There are two broad methods generally followed: centralized packet forwarding and distributed packet forwarding. Key factors that drive the choice of approach include scalability, protocol support, and power.The basic concept of distributed packet forwarding is illustrated in Figure 5. NICs essentially assume the role of a full router. They comprise all the hardware, including the PMD and link layer, but are also fully equipped with packet-processing functionality as well as local QoS and traffic engineering. The switch fabric is purely optimized for nonblocking transport of packets across line cards and does not include any sophisticated QoS/traffic-engineering functions.
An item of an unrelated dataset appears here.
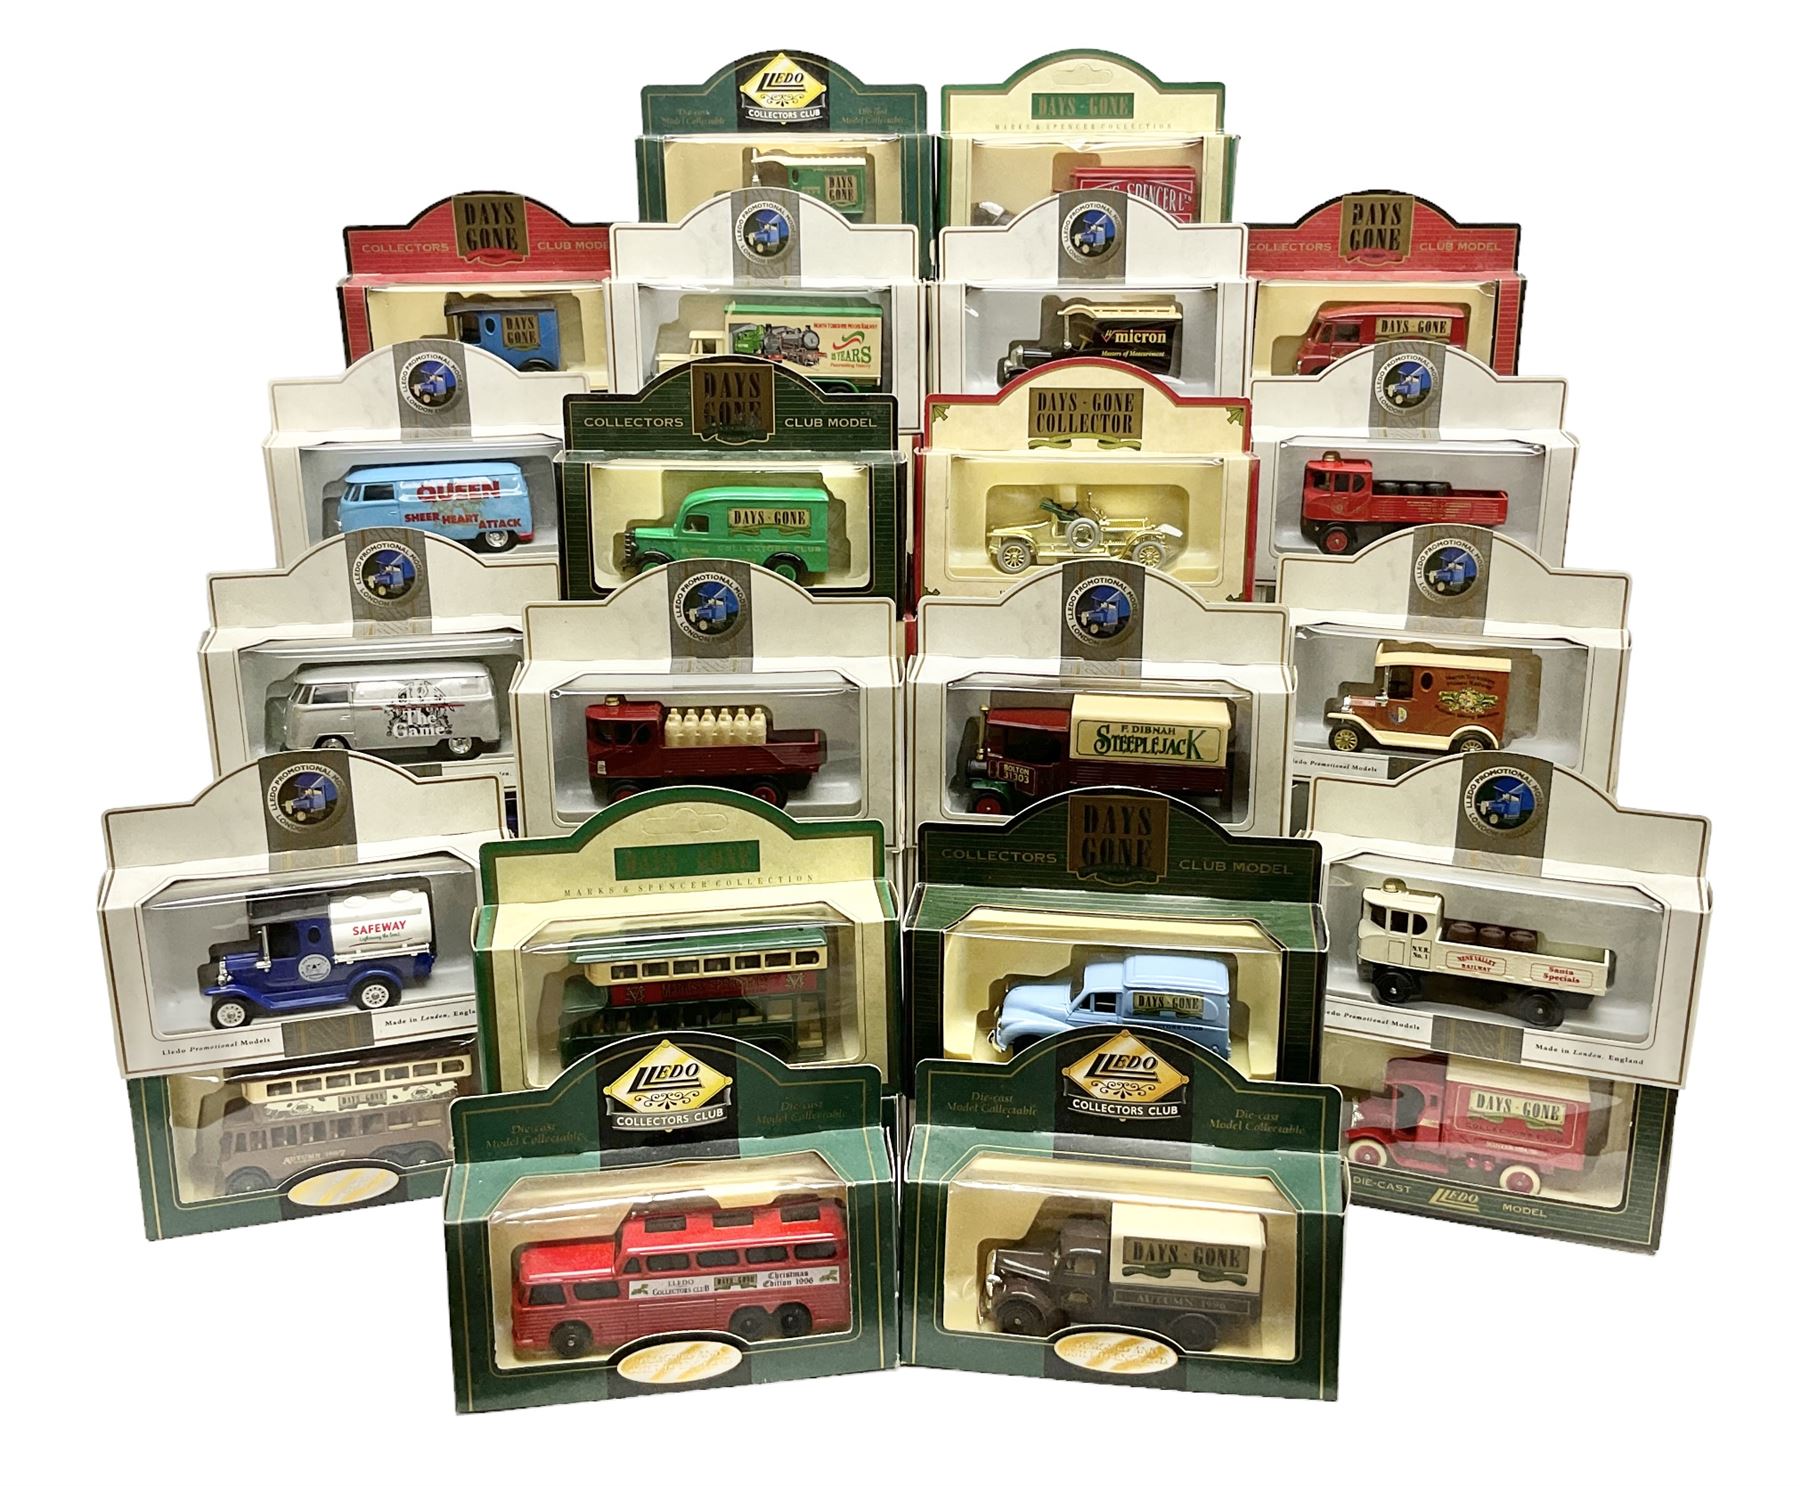 Collection of Days Gone/ Lledo die-cast models including thirty Lledo Promotional Models
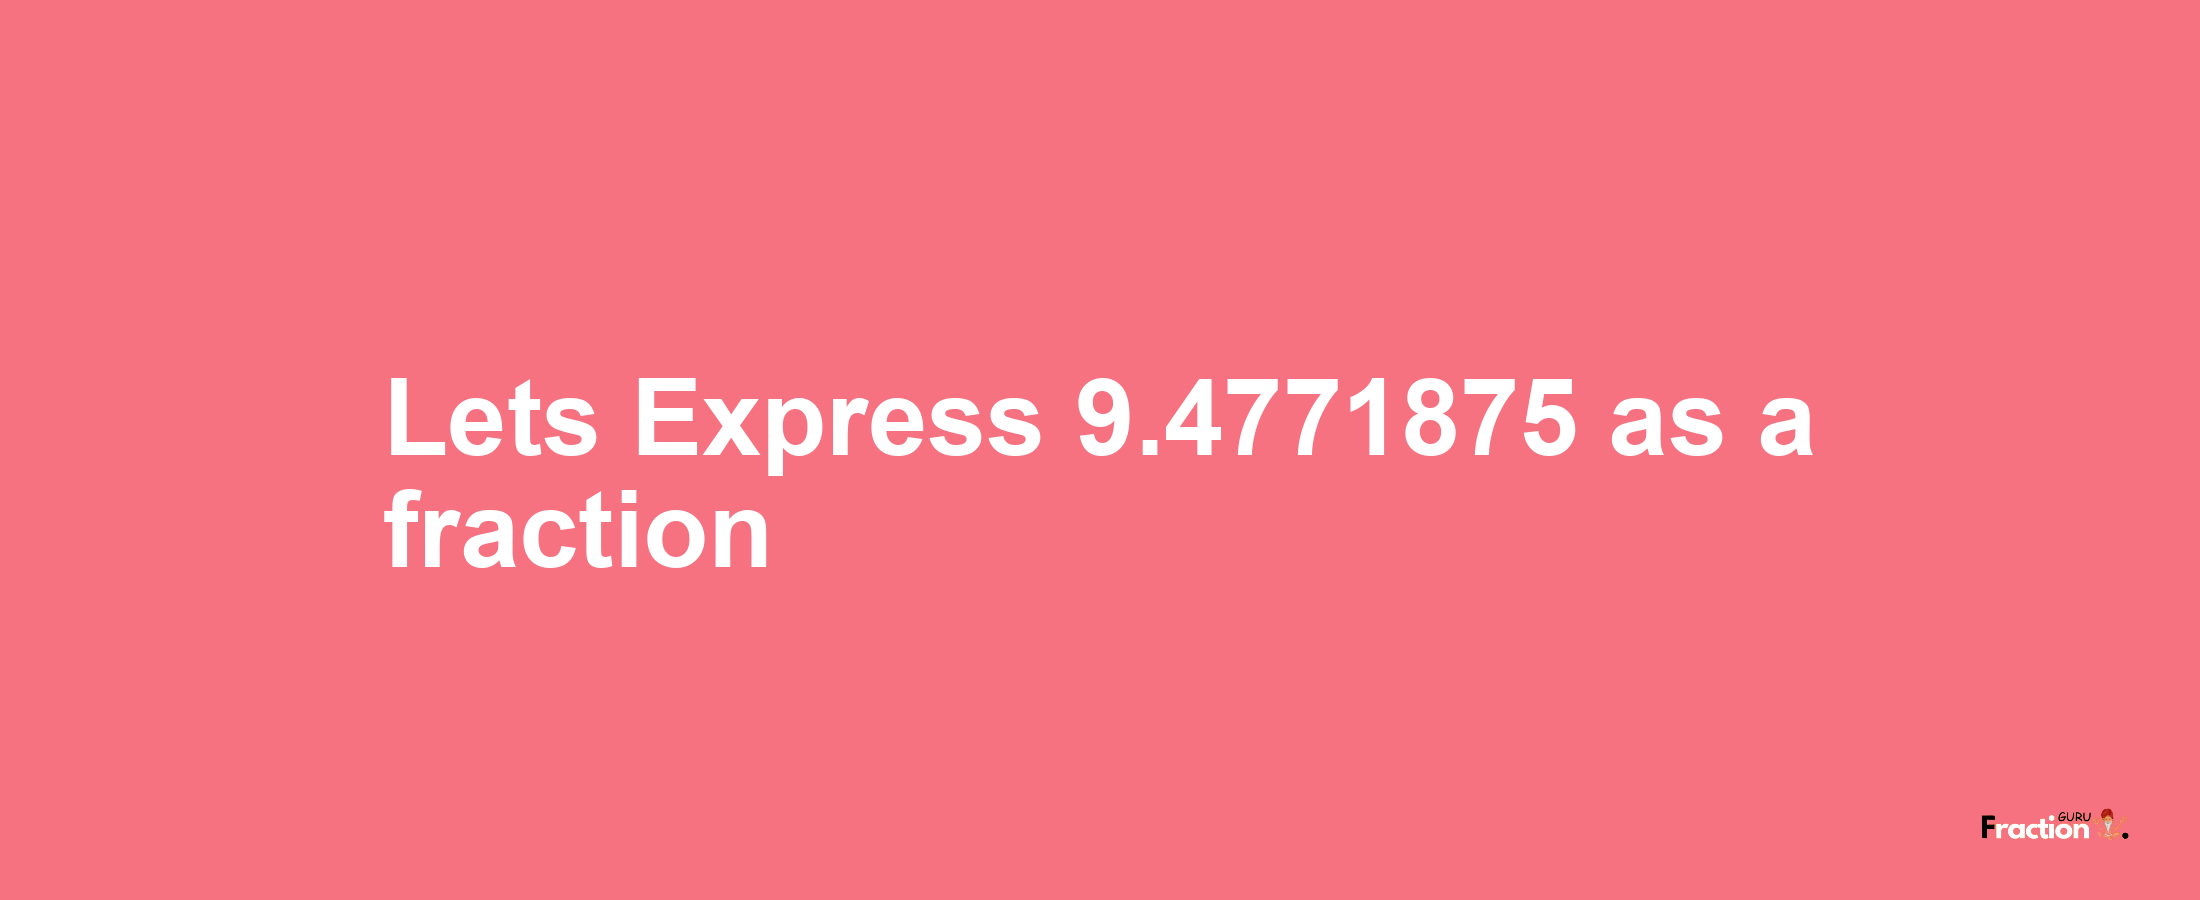 Lets Express 9.4771875 as afraction

A summary of the differences between centralized and distributed packet forwarding-as well as the implications of these differences-appears in Table 1.
Let's look at relevant requirements and explore "first-cut" architectural partitioning for a backbone routing device capable of line-rate performance at 40 Gbits/sec. Specifications for the functional requirements at a system level are contained in Table 2. Thus, most of the discussion within this section explores architectural and component-level implications of these requirements.As stated previously, scalability, performance, and power requirements drive system partitioning. A distributed packet-forwarding architecture clearly lends itself to a more scalable system. The distributed architecture allows for building-out of a maximum capacity chassis and backplane and de-couples the scaling of the network layer from the switch fabric. It's possible to take a "divide and conquer" approach to solving system performance and scaling issues by:
- Reducing the complexity of the switch fabric and making it an ultra-fast, highly integrated, dedicated data-transport layer.
- Building a chassis with an optical backplane (fiber) that can scale as high as 20 Gbits/sec per link.
- Decoupling network layer from switch fabric allowing for maximum flexibility in scaling each independently.